Una vita che cresce nel ventre di una donna è uno dei misteri più affascinanti ed entusiasmanti che si possano vivere. Un piccolo seme che pian piano prende forma. Le gambe, le braccia, il cuore che batte con tanta energia, con tanta voglia di vivere. Si plasmano sogni, desideri, aspettative e ogni vita che nasce è un piccolo fiore su un prato, una stella pronta a brillare, un’entità capace di provare e regalare emozioni.

Si suol dire che il destino di una persona sia scritto nel nome che porta. Nomen omen come dicevano gli antichi romani. Oggi, da madre, devo ammettere che scegliere il nome per il proprio figlio è davvero difficile. È una responsabilità. È un’azione alla quale, in caso di errore, non si può porre rimedio. Portare un nome che non piace a se stessi, a volte, può diventare un vero problema psicologico e per certi versi, è quello che ho provato io sulla mia pelle.

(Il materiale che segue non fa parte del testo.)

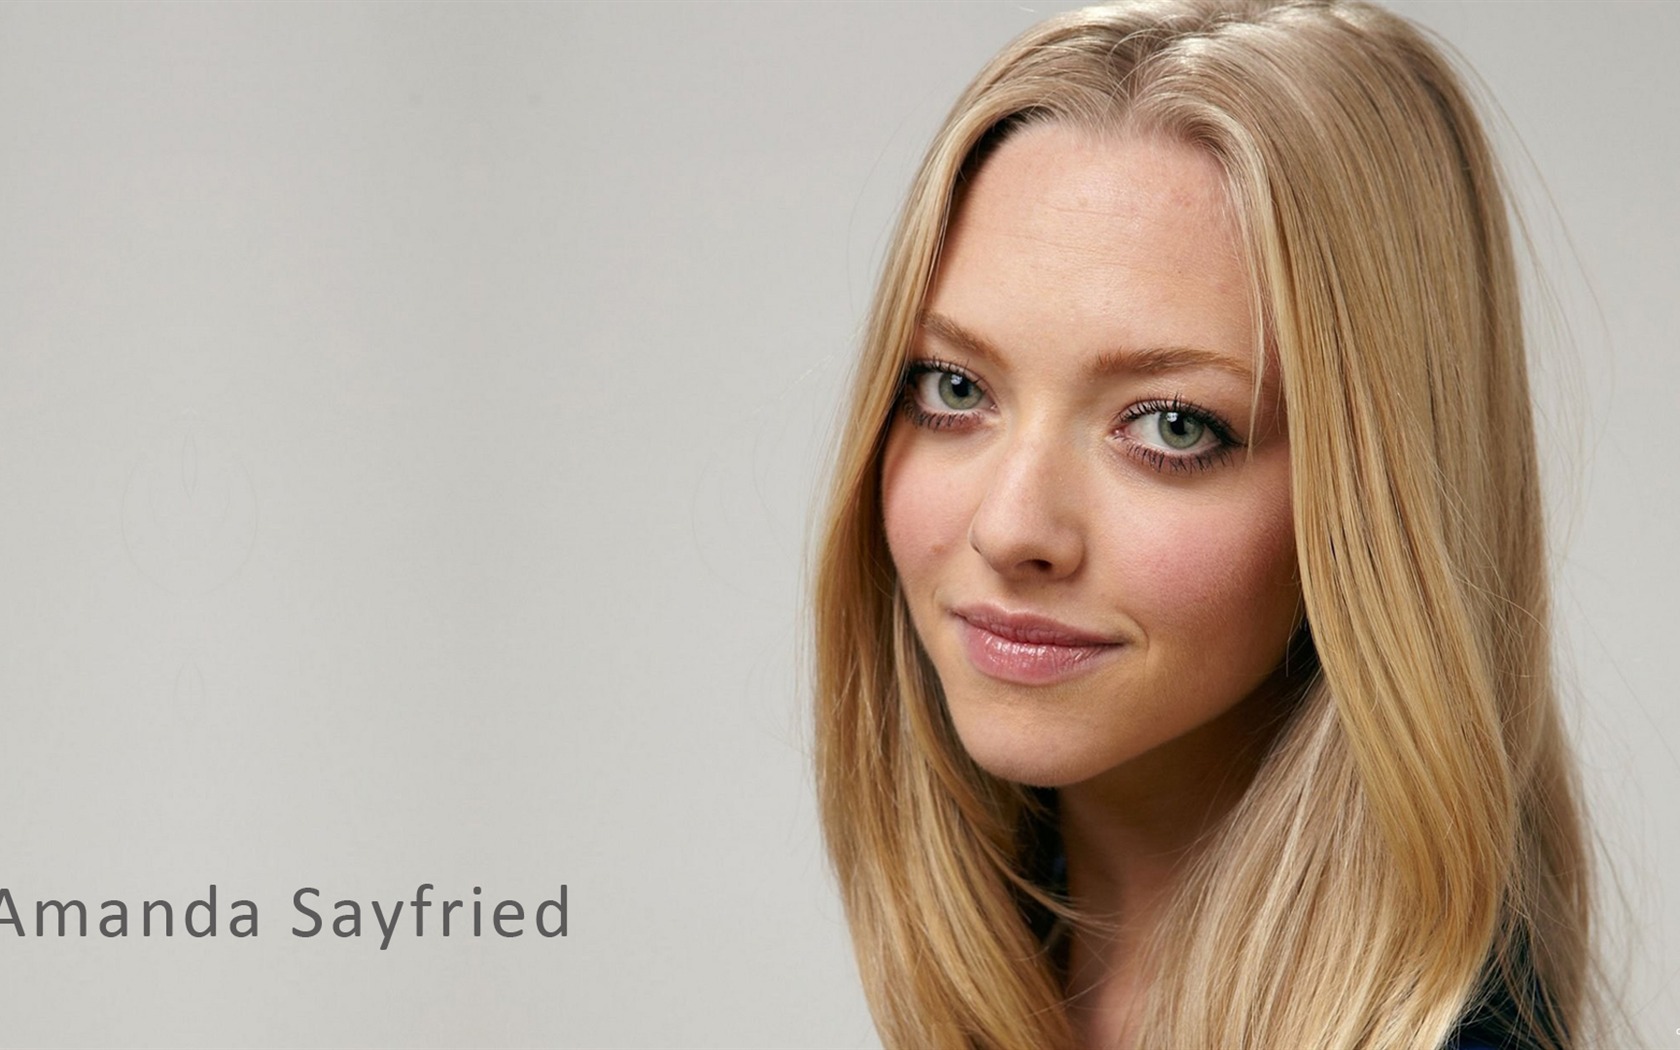 Amanda Seyfried #014 - 1680x1050 Wallpapers Pictures Photos Images
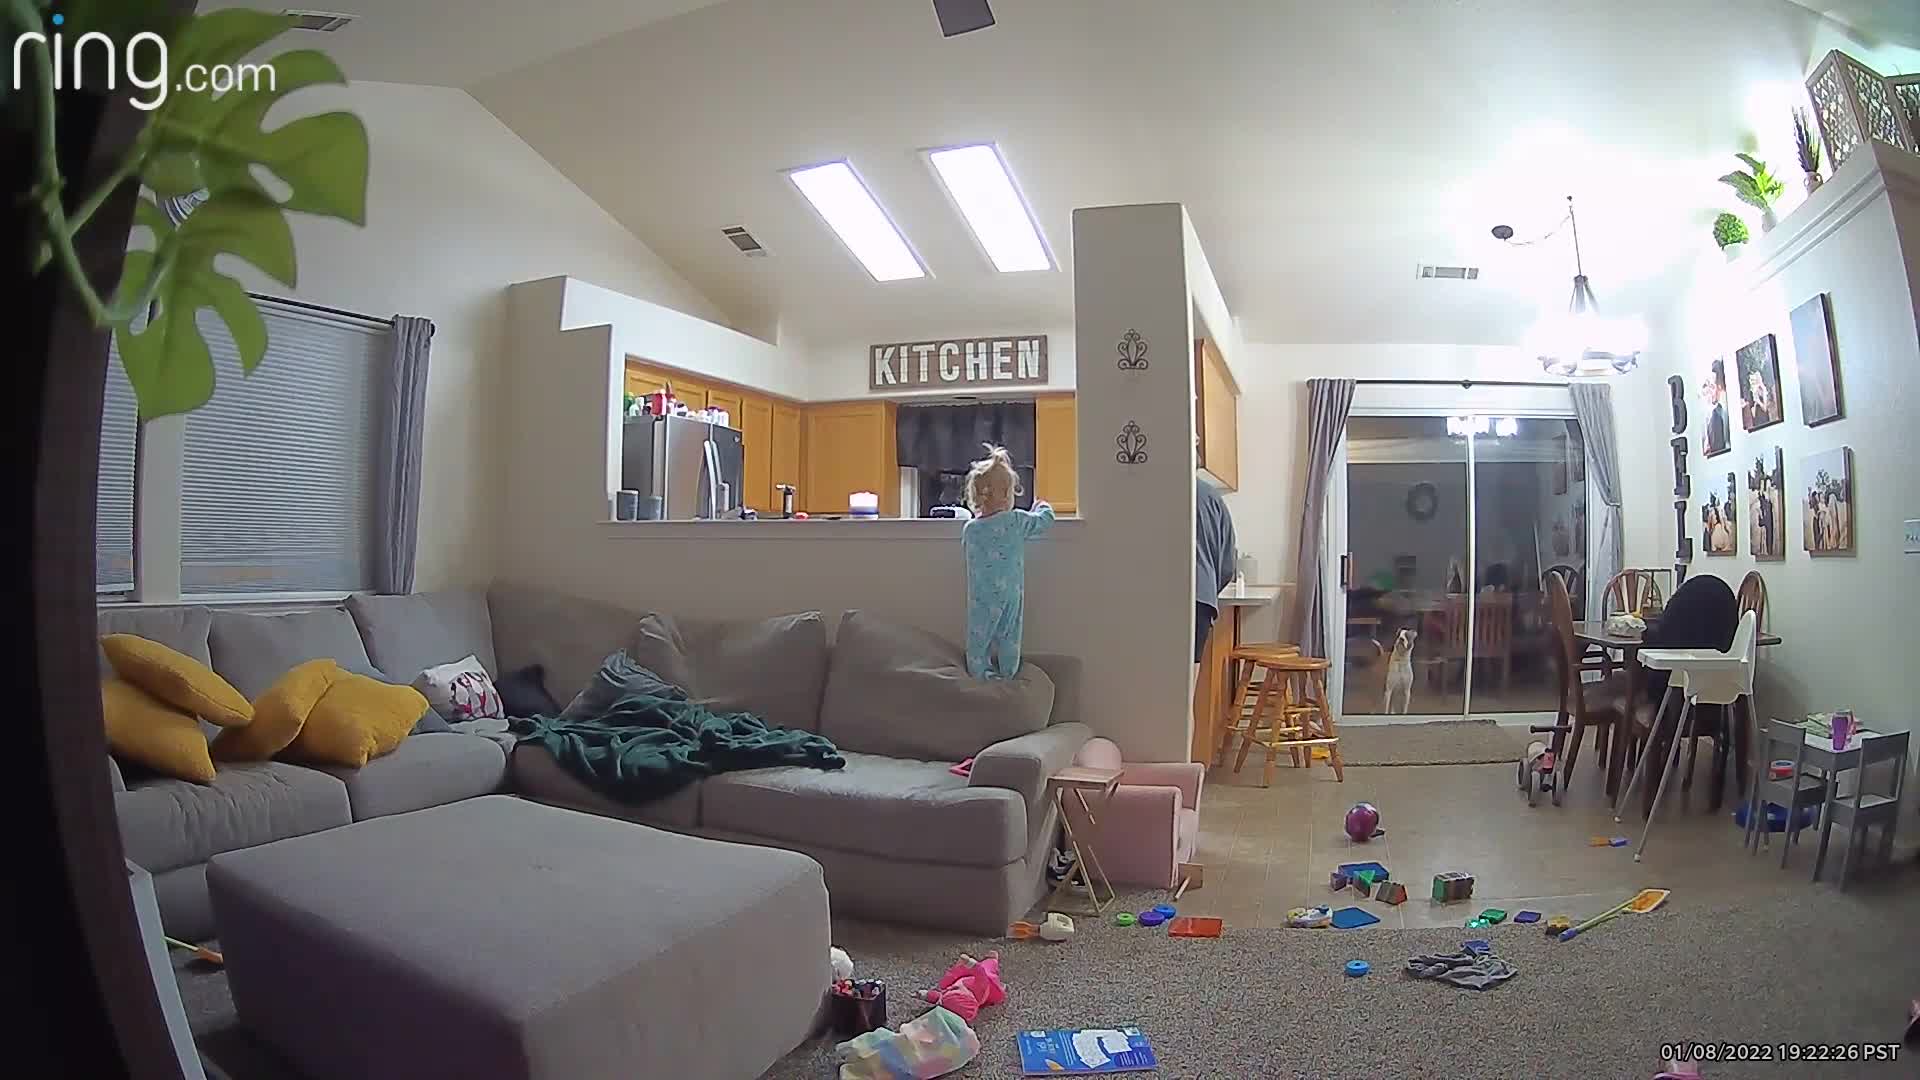 Little girl stands on top of couch then falls off and faceplants on the floor (Security camera) - LiveGore.com

Il mio nome è Erminia. Fu scelto da mio padre Dante, professore di letteratura italiana ed esponente di una delle famiglie più importanti di Bari. Mio padre era un uomo austero, d’altri tempi. Da piccola lo definivo affettuosamente “uomo grigio”, poiché il colore dei suoi capelli ben si abbinava a quello dei suoi abiti. Serio, rigido e inflessibile, non sorrideva mai. Ogni mattina, dopo aver annodato accuratamente la sua cravatta, afferrava la ventiquattrore e usciva di casa. Apriva l’imponente portone di legno di un palazzo d’epoca situato in Corso Vittorio Emanuele, nelle vicinanze del Teatro Piccinni, salutava con un cenno della mano l’autista che gli teneva la portiera della macchina aperta e si dirigeva verso il Liceo Classico “Flacco”, pronto per una nuova giornata carica d’interrogazioni e brutti voti.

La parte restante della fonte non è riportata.